After the screening, each student was seen for a one-on-one debriefing to discuss the results. Students who screened positive on the self-report or who asked for help during the debriefing stayed for a second-stage clinical interview. After that, the interviewer offered referral to school-based services, community-based services, neither, or both.
Of the 4,509 students, 2,488 (56%) provided both parent consent and youth assent, and were included in the final analysis. Of the 2,488 students, 489 (20%) were identified as being at risk. Of these, 74% were not receiving any mental health services.
Overall, 74% of students were referred to school-based services, whereas 53% were referred to community-based services. In addition, 76% of referred students received at least one follow-up visit and 56% received minimally adequate treatment, which was defined as "having three or more visits with a given provider, or any number of visits if termination occurred in accordance with the provider’s recommendation."

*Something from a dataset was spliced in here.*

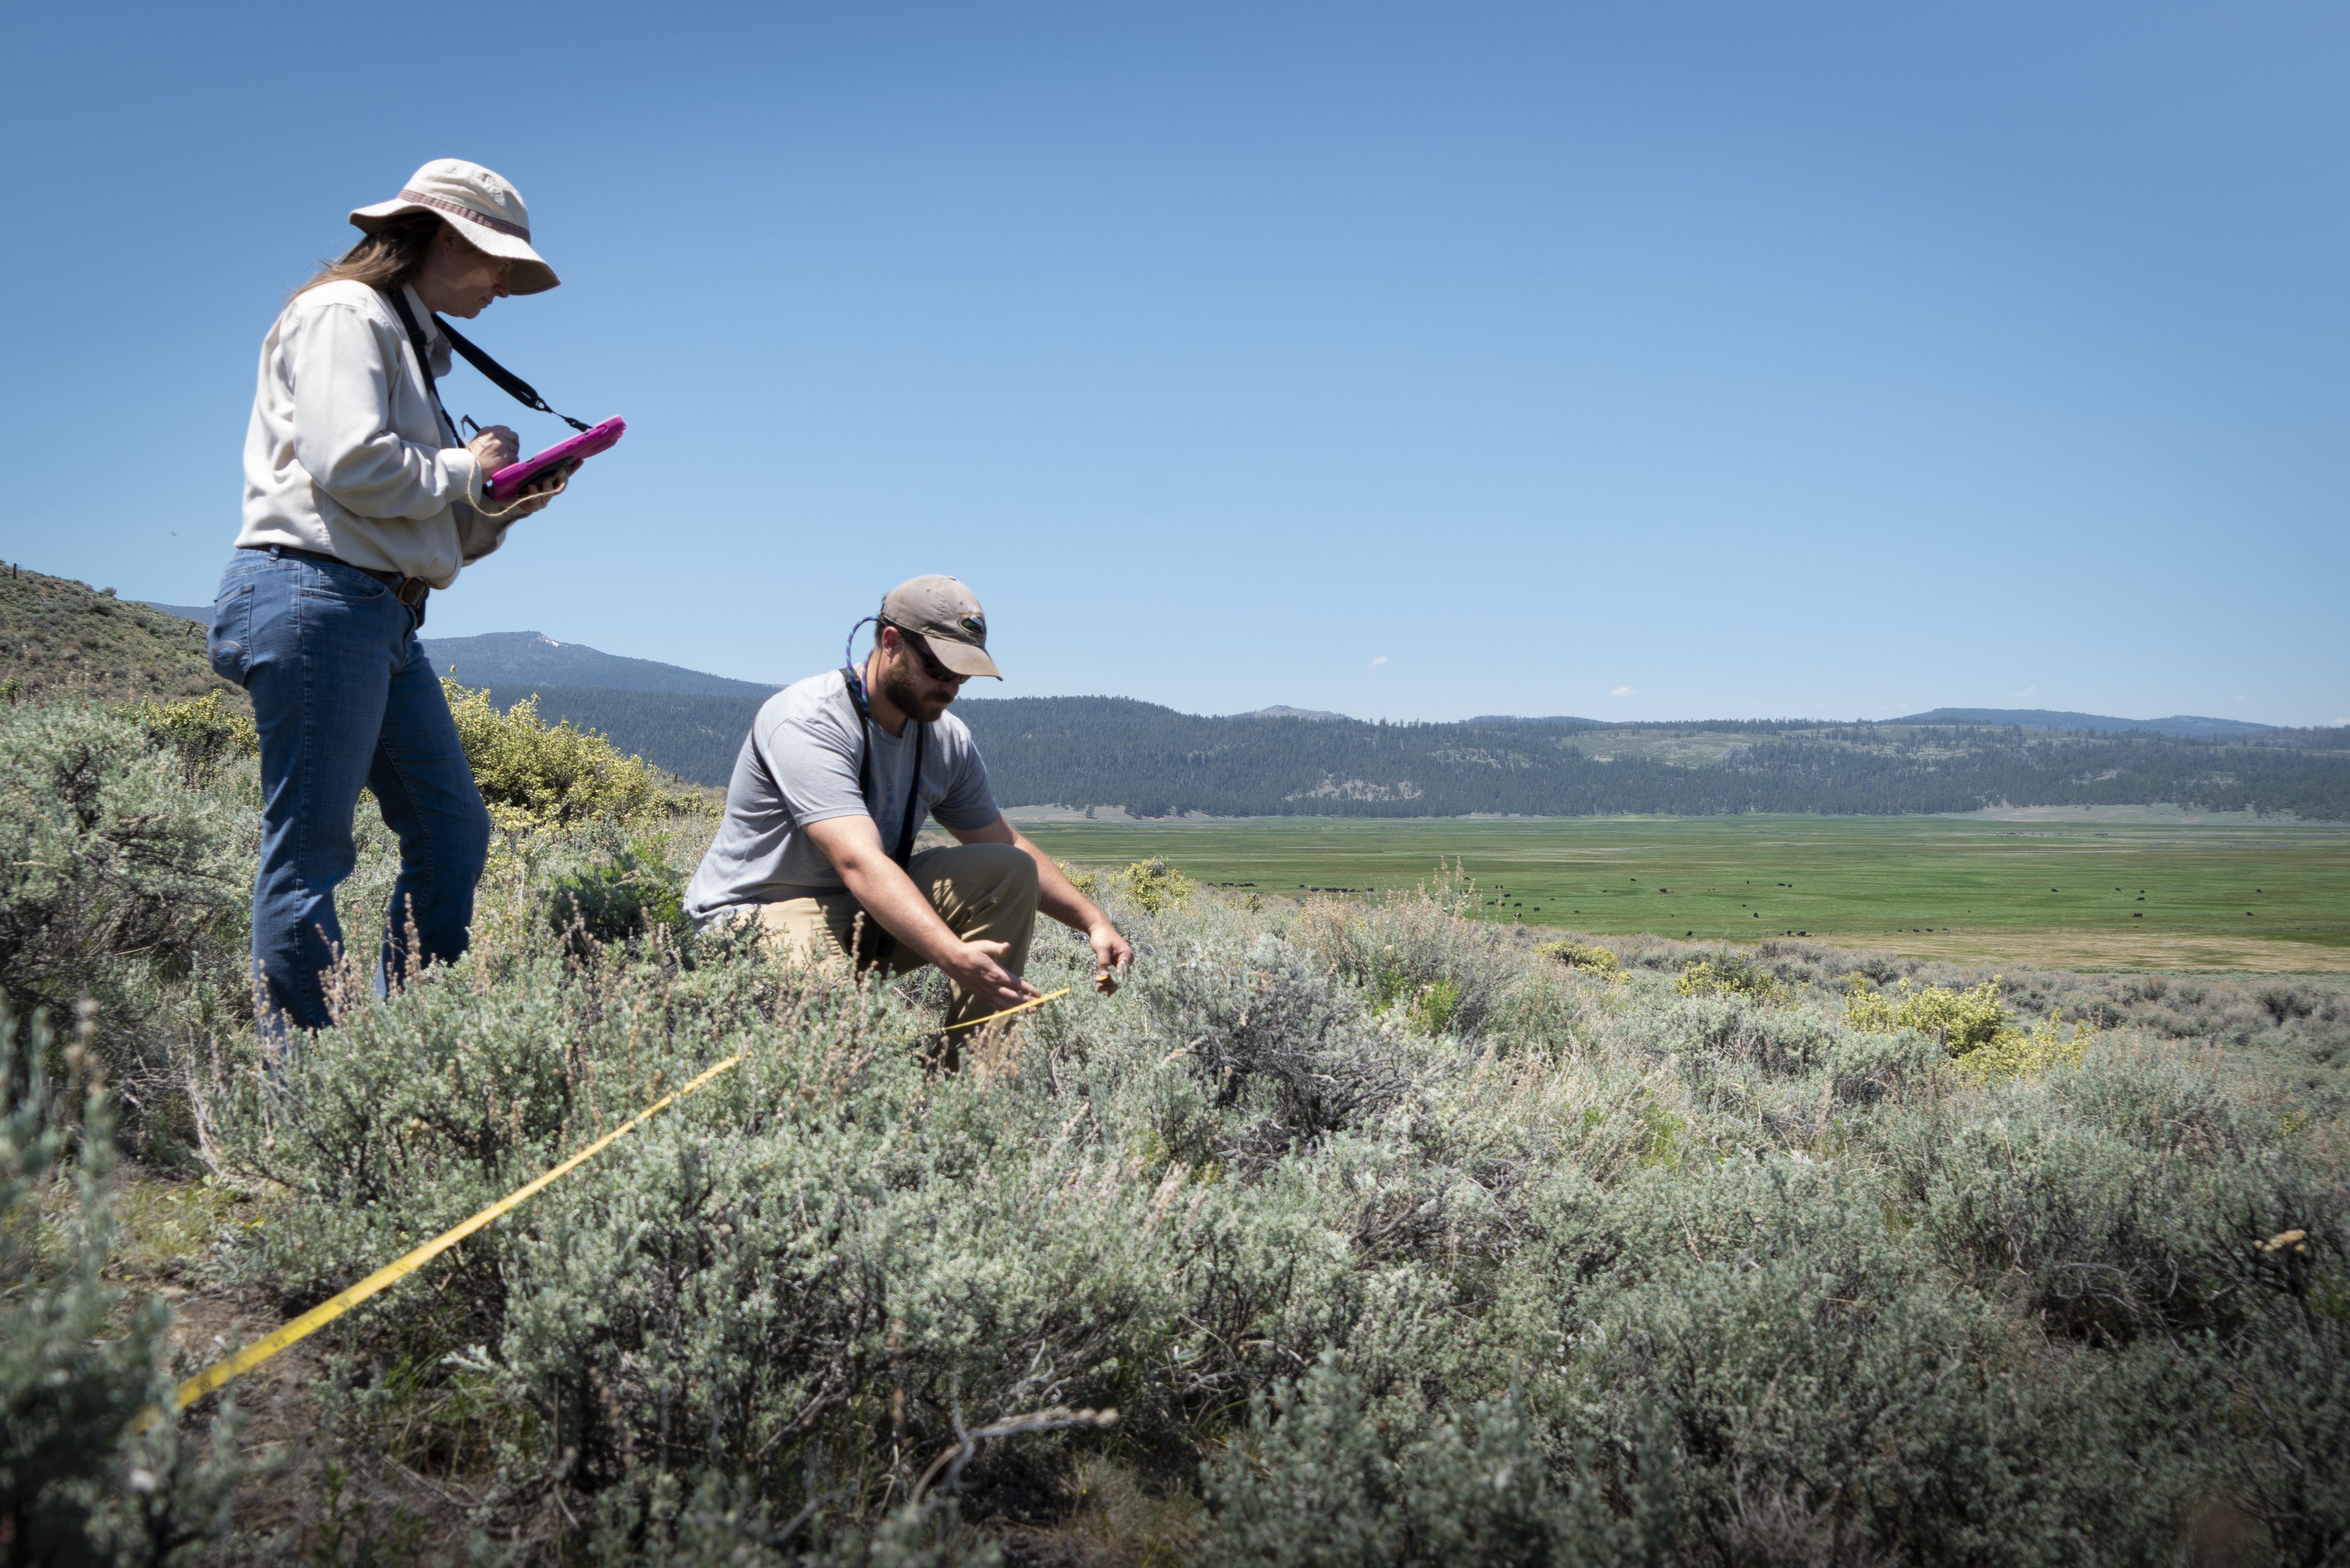 Two people measuring sagebrush. A woman holds a tablet and a man uses a measuring tape.

Compared with students who were referred to school-based services, those who were referred to community-based services self-reported higher rates of suicidal ideation (26% vs. 11%, respectively), depression (50% vs. 41%), and substance abuse (17% vs. 9%). They also had higher rates of certain interviewer-assessed variables, including passive suicidal ideation (51% vs. 31%), active suicidal ideation (21% vs. 4%), prior suicide attempt (17% vs. 6%), and self-injury (33% vs. 14%). The researchers said that these findings are consistent with a 2005 report from the Substance Abuse and Mental Health Services Administration, "suggesting that youth with more serious problems are more commonly referred to community providers."
Among adolescents who received a referral to school-based services, 80% received at least one visit, compared with only 42% of those who received a referral to community-based services. "Referral decisions may be driven by specific symptoms, current distress, student or family preferences, past treatment experiences, provider availability, [and] logistical and economic considerations, as well as a host of other factors that were not measured in this study," Dr. Husky and her associates stated. "Although schools remain important providers of mental health services, our findings suggest that the implementation of proactive efforts to link youth with serious conditions to services may best be achieved when both school and community mental health providers are available."
In an interview, Dr. David Fassler, professor of psychiatry at the University of Vermont, Burlington, characterized the study’s findings as generally consistent with those of previous reports. "Signs of psychiatric disorders, including suicidal ideation, are not uncommon in adolescents," he said. "Yet most young people with significant symptoms receive little, if any, treatment. Schools are a logical place to try and identify students who may need help, and to facilitate referrals, as appropriate. However, as this study demonstrates, accessing follow-up care often remains a challenge, particularly when services are located outside the school setting."
Dr. Fassler went on to note that the study’s findings "will be useful in the development of programs and policies designed to identify at-risk students. They will also help inform future research on school-based screening initiatives."
The researchers acknowledged certain limitations of their study, including the lack of a control group and the potential for selection bias. "It is likely that parent refusal, related to stigma and other societal factors, diminished the rate of student participation," they wrote. "Furthermore, beyond the limitation that the modest participation rate poses to the generalizability of the sample, it also points to the constraints of the intervention as a substantial portion of adolescents does not have access to its potential benefits."
The researchers had no relevant financial conflicts to disclose.
Adolescence is a time of increased risk for many serious mental health problems, including suicide and substance abuse. The Wisconsin school-based screening initiative evaluated in this study is an important effort to identify adolescents who are at risk and to link them with appropriate services in the school or in the community.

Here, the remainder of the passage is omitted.